第77章 章
第 77 章
唐酥酥有個很強烈的預感。
今晚的年夜飯,是他們最後一次在一起吃飯了。
她沒有這方面的能力,但一直很相信玄學。
有些東西不是科學可以解釋得清楚的,就好比來到這個世界。
以往每個年都是看着春晚過的,原文裏沒寫過春晚,費家的餐廳裏也沒裝電視,年夜飯自然也就沒有這個項目了。

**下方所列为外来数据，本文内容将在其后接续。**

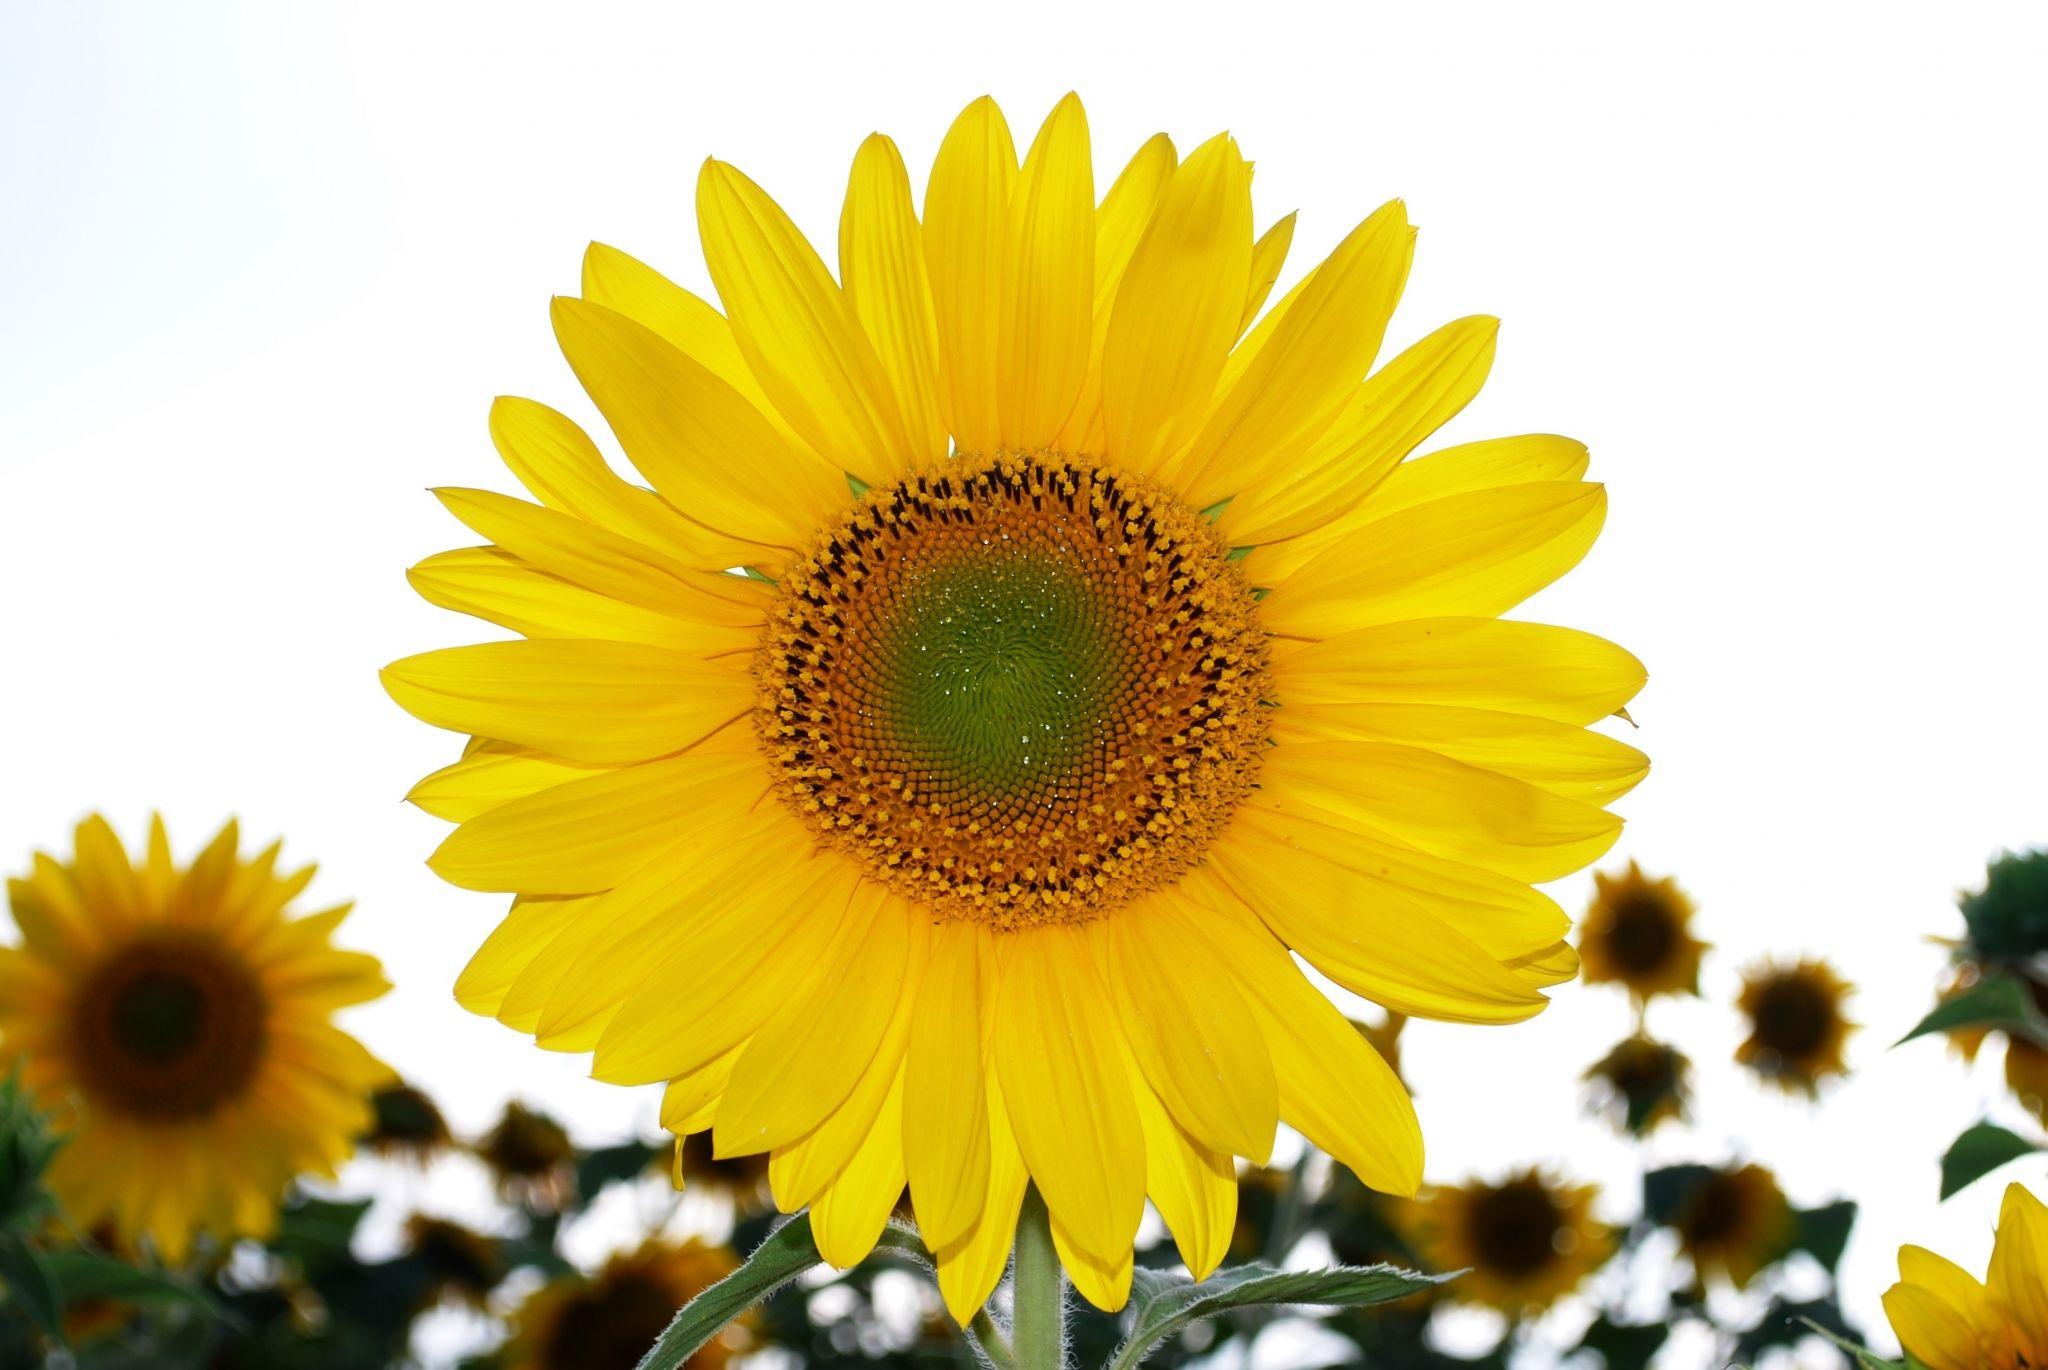 sunflower hd wallpapers 1080p windows Hd wallpapers

唐酥酥吃着費利剝好的蟹腿肉,不是滋味的說:“我們那邊吃年夜飯的時候都會看春晚,我們家這一天還會特意晚點吃,一家人坐在電視機前面一邊看一邊吃,吃完飯就吃宵夜,我們家還會打麻将。”
費利彎着眼笑着,手裏剝蟹肉的動作沒停:“沒有體驗過。如果可以,我很想和你體驗一次。”
可能,費利也有這樣強烈的預感吧?
她想。
費利雖然一直在笑着,可他的聲音聽上去那麽落寞那麽可憐。
僅僅只是體驗一次嗎?
唐酥酥雙手撐在桌上,身子前傾,語氣歡快:“因為過年的時候很多人,爺爺奶奶在我們家的話,姑姑姑父和表姐就會來我們家,吃飯的時候就會一邊吃一邊聊天,差不多快吃完的時候,春晚也差不多開始了。我們小孩兒不會打麻将,就會坐在這邊吃宵夜零食,小孩兒嘴很饞嘛,一般都是我姑姑提前做很多很多好吃的,鹵的雞爪豬蹄啊什麽的。”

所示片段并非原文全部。